Pero si este país tiene miles de defectos, uno de ellos es sin duda su cobardía a la hora de defender cuestiones que en cualquier otro lugar serían incontestables. Somos los más solidarios a la hora de donar sangre, órganos o dinero a los necesitados, pero carecemos de los arrestos necesarios para defender nuestras instituciones fundamentales. Como decíamos en tiempos del franquismo aludiendo al eslógan de que España era “una, grande y libre” tan esgrimido durante la dictadura, “es una porque si hubiera dos nos iríamos a la otra; el grande porque cabemos los españoles y los americanos (yo añadiría y los catalanes y los vascos) y es libre porque se puede ser del Madrid o del Barcelona). Bueno, pues ahora, cuarenta años después, puede que seamos más libres, pero desde luego ni somos grandes ni somos un único país. Porque a la mínima de cambio ya estamos llamando fascistas a quienes llevan nuestra bandera o tararean nuestro himno y no nos ponemos de acuerdo ni tan siquiera cuando el enemigo común hace de las suyas en nuestro propio territorio. La controversia y la polémica siempre están servidas. Es lo que hay. Ajo y agua. Y no quiero ser agorero, pero puede que lo mejor esté aún por venir.
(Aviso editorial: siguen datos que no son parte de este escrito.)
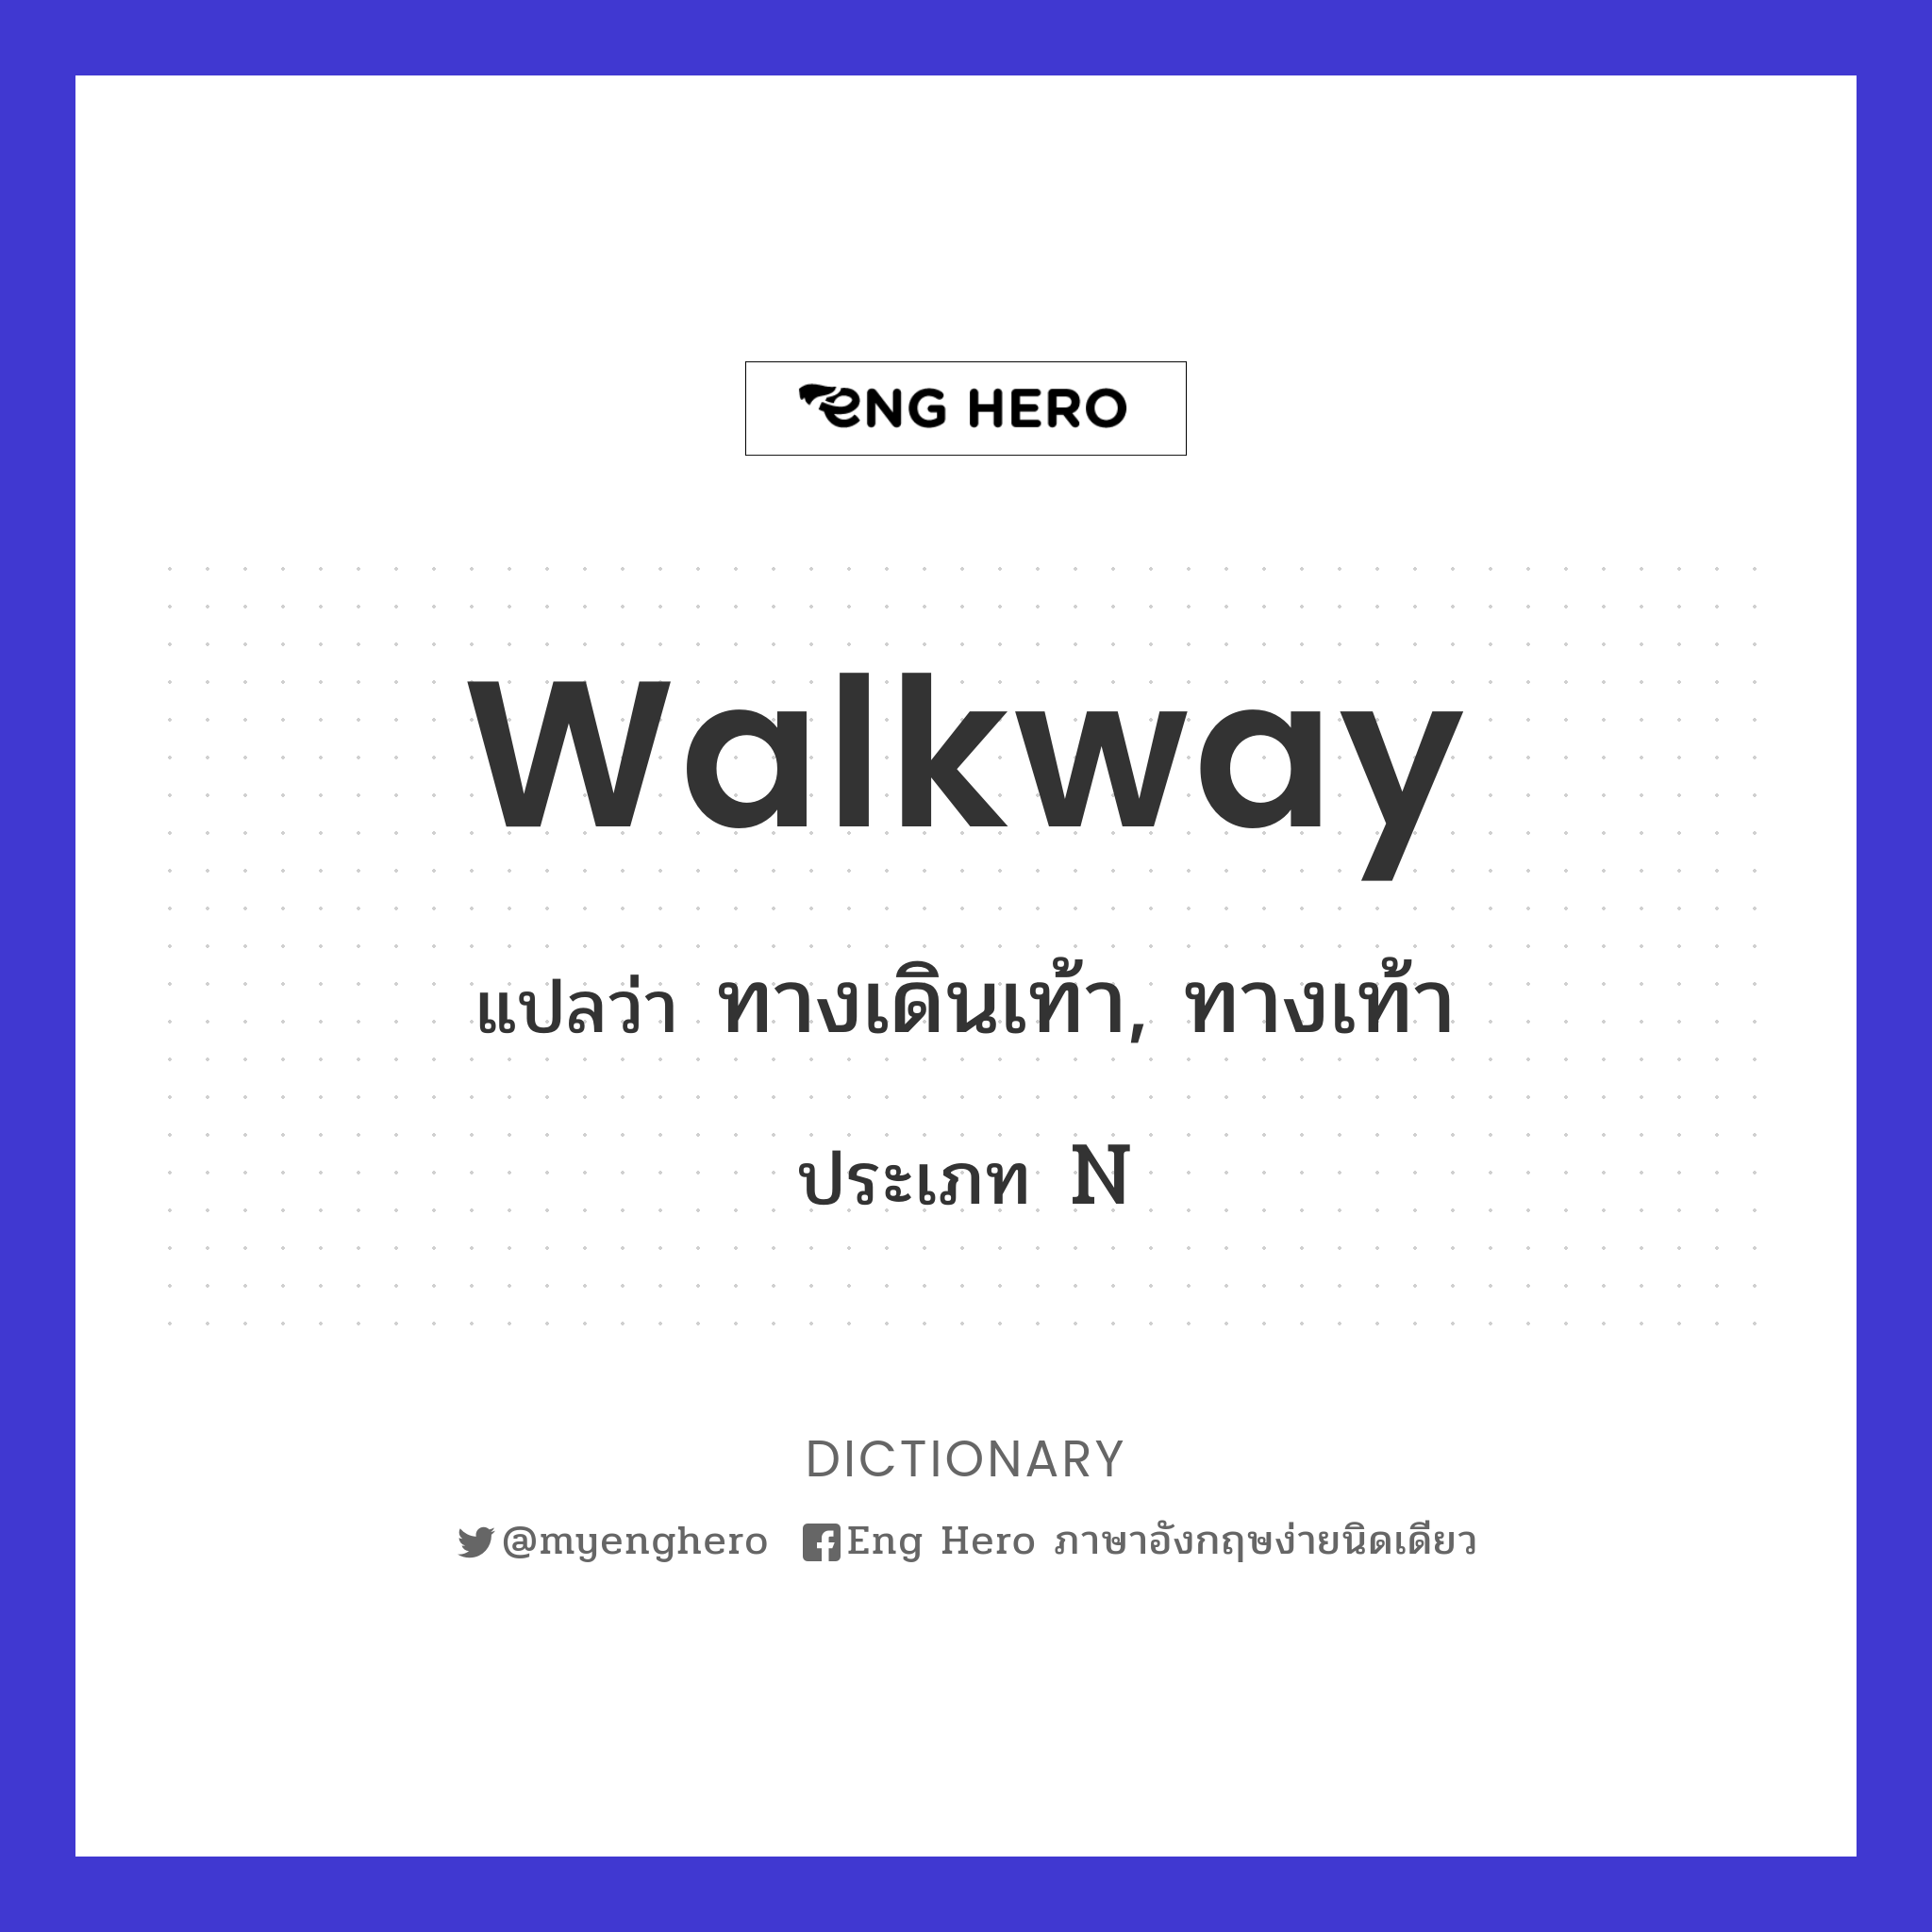 Walkway แปลว่า ทางเดินเท้า, ทางเท้า | Eng Hero เรียนภาษาอังกฤษ ออนไลน์ ฟรี

A todo esto, aunque me haya ido por las ramas, yo trataba de engarzar el título de la “Soledad del corredor de fondo” con la impresión que me ha producido el líder del PSOE, Pedro Sánchez, en su última visita a Andalucía. Sánchez, que esta semana recorrerá varias provincias andaluzas en su precampaña sin el acompañamiento debido de su compañera Susana Díaz, me recuerda al actor Tom Courtenay en la citada película. Cada día que pasa lo veo más solo en esa carrera de fondo que es la de conseguir la Presidencia del Gobierno.Mira que el hombre pone empeño en arrancar votos por la izquierda metiéndose con Podemos y por la derecha acusando a Ciudadanos de ser un remedo de las Nuevas Generaciones del PP. Pero ni así. Ni siquiera en Andalucía, donde tiene asegurada una clientela fiel donde las haya y una telonera de lujo como Susana, Sánchez arranca ovaciones como las que conseguía Alfonso Guerra en sus mítines. ¡Donde va a parar! Me da la impresión que su carrera de corredor de fondo se puede quedar, el próximo 20-D, en unos cuatrocientos, ochocientos o mil quinientos metros. Vamos, en un medio fondo y poco más. Ya veremos si alguien cercano a nosotros, los andaluces, es capaz de cogerle el relevo.